[RFC PATCH 14/16] KVM: PPC: booke: category E.HV (GS-mode) support

Tue Jan 10 11:51:09 EST 2012

On 01/09/2012 11:46 AM, Alexander Graf wrote:
> 
> On 21.12.2011, at 02:34, Scott Wood wrote:
> 
>> Chips such as e500mc that implement category E.HV in Power ISA 2.06
>> provide hardware virtualization features, including a new MSR mode for
>> guest state.  The guest OS can perform many operations without trapping
>> into the hypervisor, including transitions to and from guest userspace.
>>
>> Since we can use SRR1[GS] to reliably tell whether an exception came from
>> guest state, instead of messing around with IVPR, we use DO_KVM similarly
>> to book3s.
> 
> Is there any benefit of using DO_KVM? I would assume that messing with IVPR is faster.
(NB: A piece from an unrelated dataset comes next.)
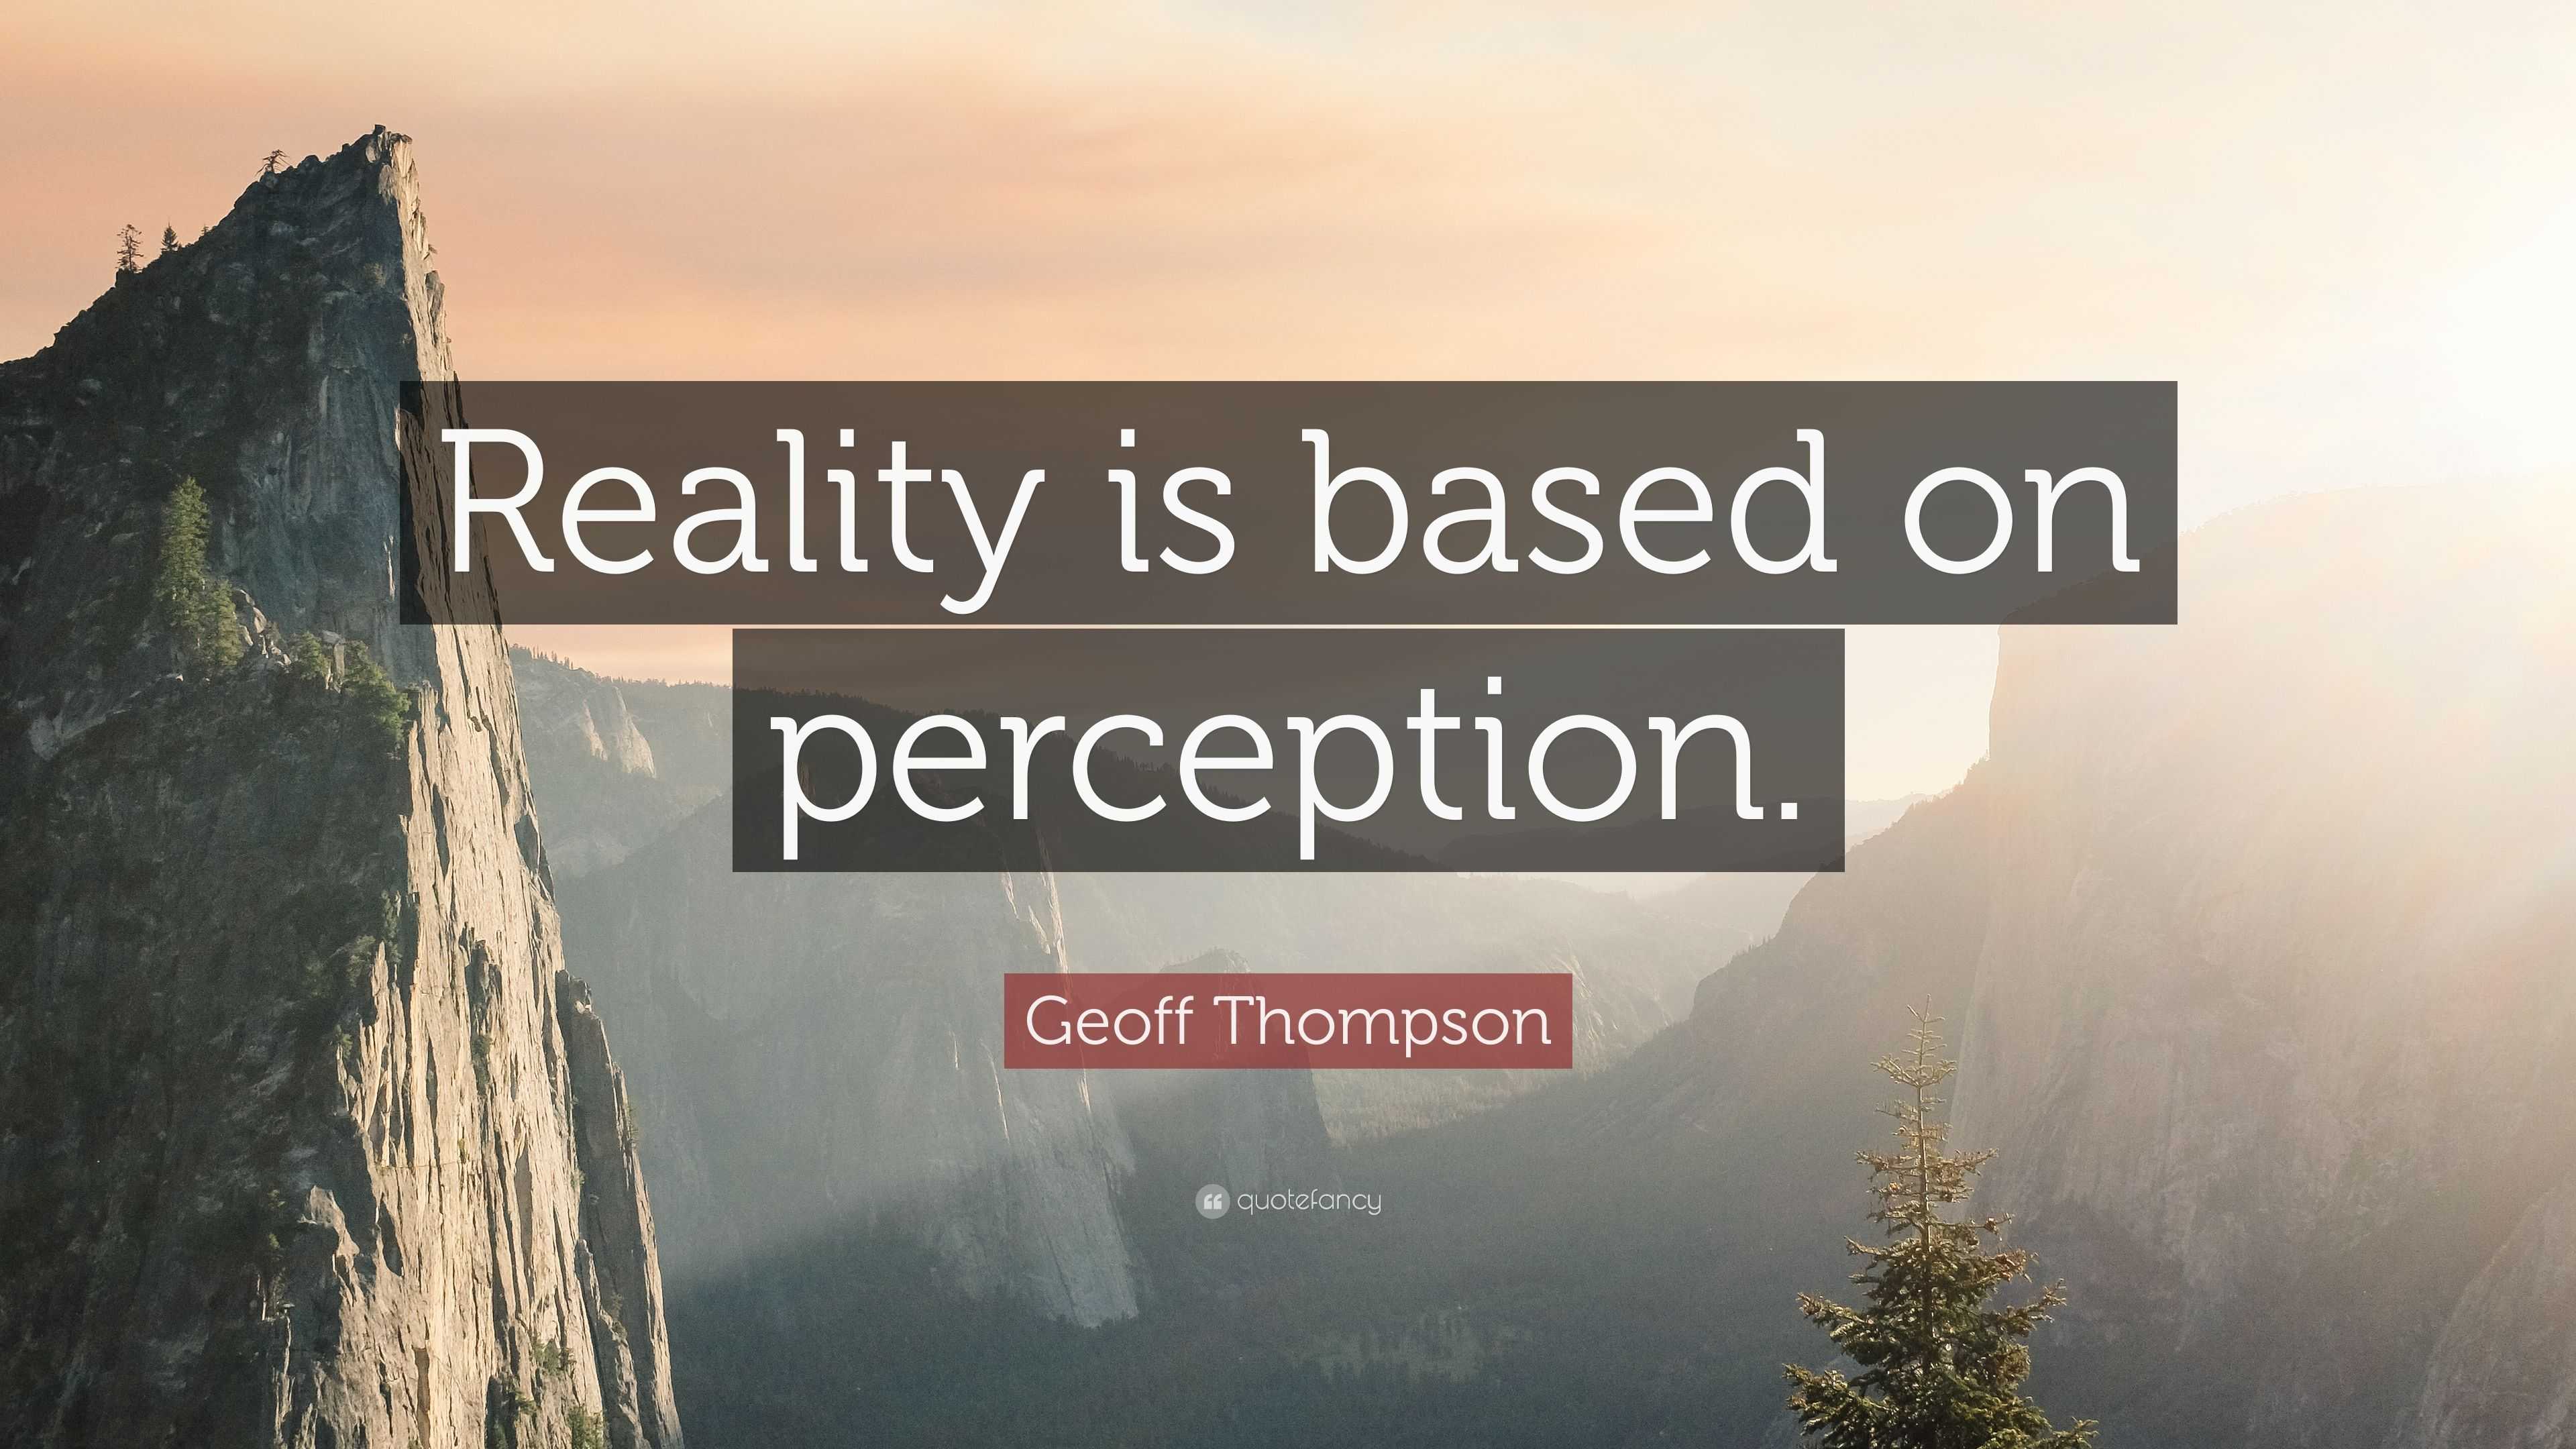 Geoff Thompson Quote: “Reality is based on perception.”

Using the GS bit to decide which handler to run means we won't get
confused if a machine check or critical interrupt happens between
entering/exiting the guest and updating IVPR (we could use the IS bit
similarly in PR-mode).

This could be supplemented with IVPR (though that will add a few cycles
to guest entry/exit) or some sort of runtime patching (would be more
coarse-grained, active when any KVM guest exists) to avoid adding
overhead to traps when KVM is not used, but I'd like to quantify that
overhead first.  It should be much lower than what happens on book3s.
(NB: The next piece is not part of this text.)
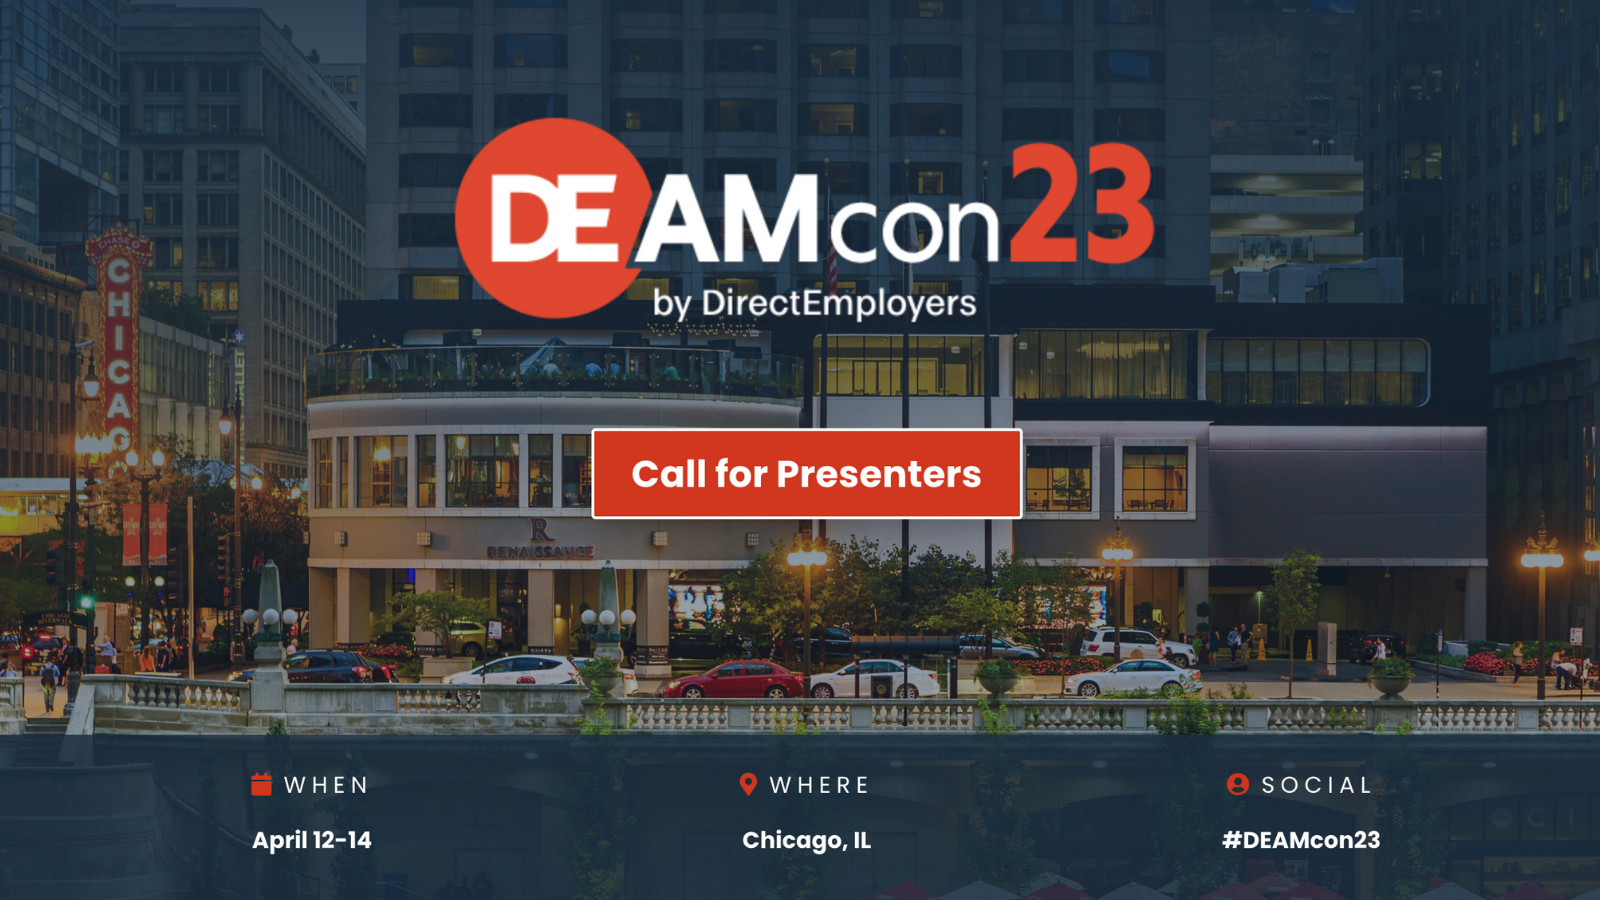 DEAMcon23 Call for Presenters - April 12-14 in Chicago
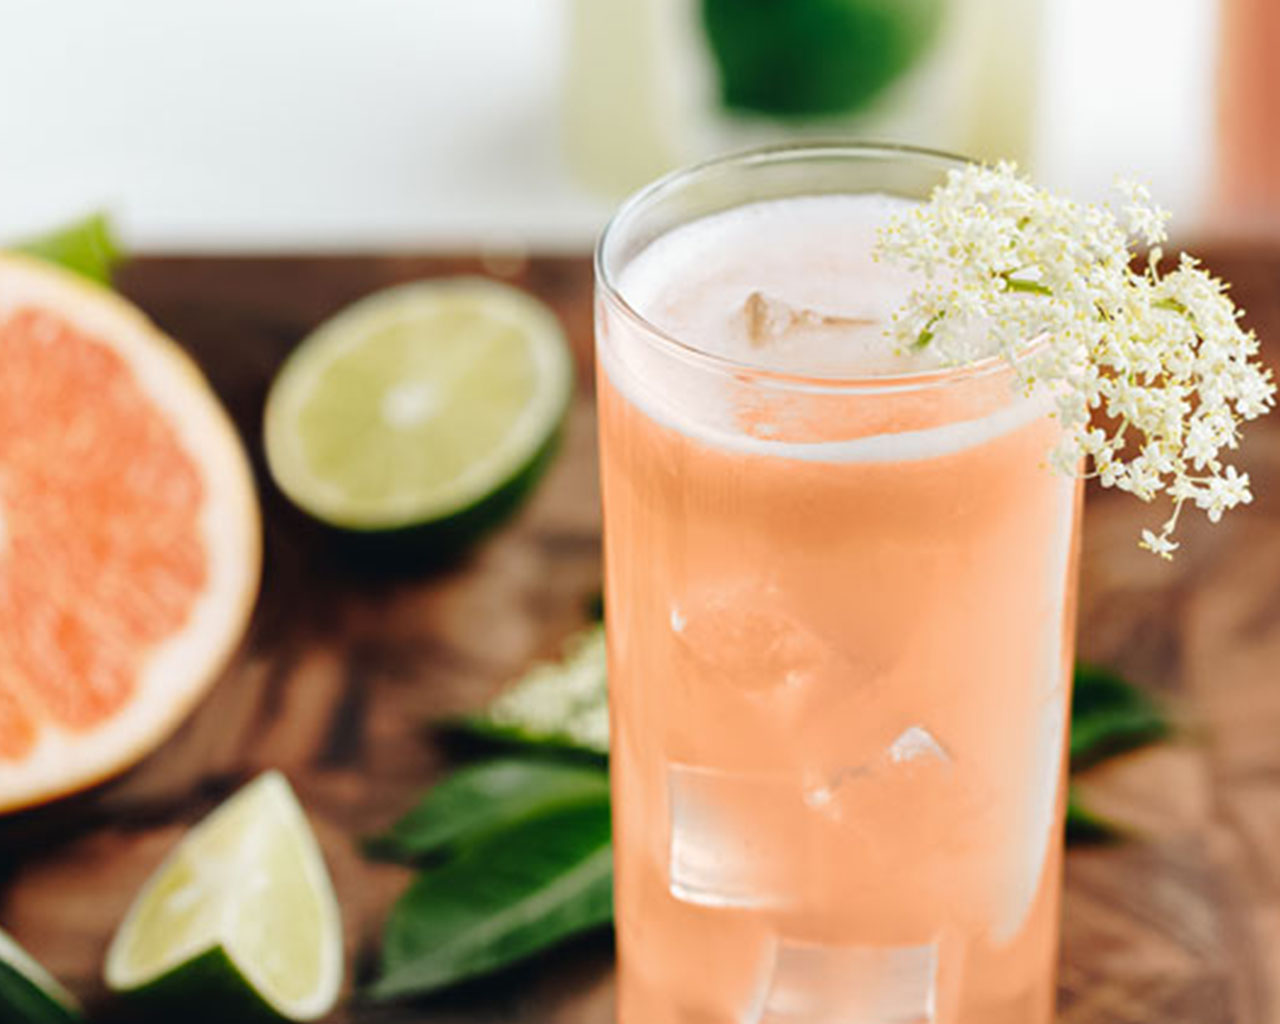 https://www.coca-cola.com/content/dam/onexp/us/en/brands/simply/recipes-and-mixology/juices-and-drinks/juice-and-drinks-lp/USA_simply_grapefruit_limeaid_elderflower_campaign_card_right_desktop_1280x1024.jpg

>> Current issues include:
>> - Machine checks from guest state are not routed to the host handler.
>> - The guest can cause a host oops by executing an emulated instruction
>>   in a page that lacks read permission.  Existing e500/4xx support has
>>   the same problem.
> 
> We solve that in book3s pr by doing
> 
>   LAST_INST = <known bad value>;
>   PACA->kvm_mode = <recover at next inst>;
>   lwz(guest pc);
>   do_more_stuff();
> 
> That way when an exception occurs at lwz() the DO_KVM handler checks that we're in kvm mode "recover" which does basically srr0+=4; rfi;.
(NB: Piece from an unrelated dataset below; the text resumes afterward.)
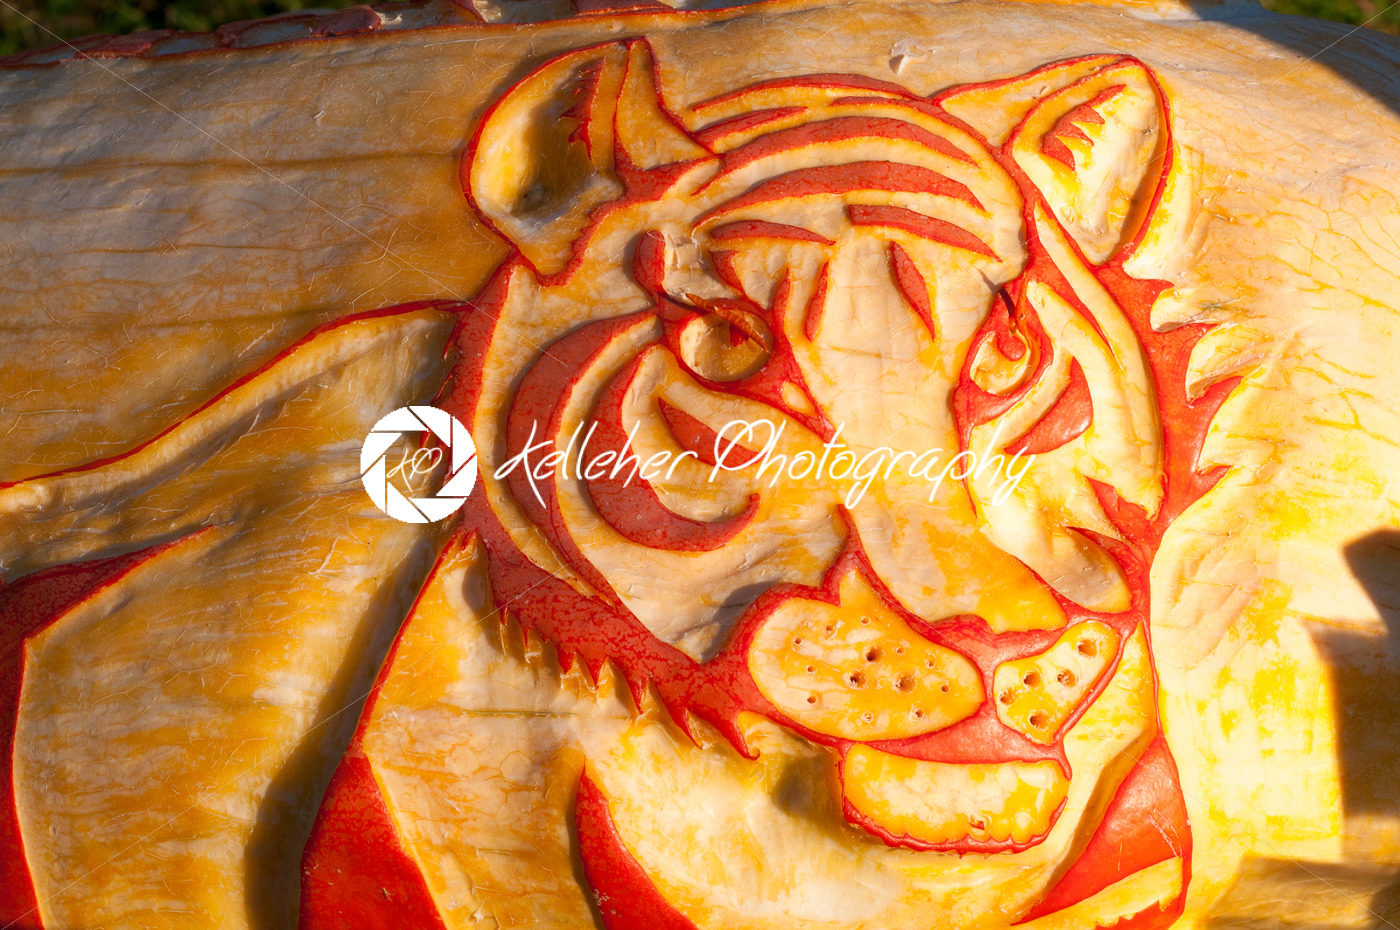 CHADDS FORD, PA – OCTOBER 26: Tiger Pumpkin at The Great Pumpkin Carve carving contest on October 26, 2013 - Kelleher Photography Store

I was thinking we'd check ESR[EPID] or SRR1[IS] as appropriate, and
treat it as a kernel fault (search exception table) -- but this works
too and is a bit cleaner (could be other uses of external pid), at the
expense of a couple extra instructions in the emulation path (but
probably a slightly faster host TLB handler).

The check wouldn't go in DO_KVM, though, since on bookehv that only
deals with diverting flow when xSRR1[GS] is set, which wouldn't be the
case here.

>> @@ -243,16 +324,20 @@ static int kvmppc_booke_irqprio_deliver(struct kvm_vcpu *vcpu,
>> 	case BOOKE_IRQPRIO_AP_UNAVAIL:
>> 	case BOOKE_IRQPRIO_ALIGNMENT:
>> 		allowed = 1;
>> -		msr_mask = MSR_CE|MSR_ME|MSR_DE;
>> +		msr_mask = MSR_GS | MSR_CE | MSR_ME | MSR_DE;
> 
> No need to do this. You already force MSR_GS in set_msr();

OK.  This was here since before set_msr() started doing that. :-)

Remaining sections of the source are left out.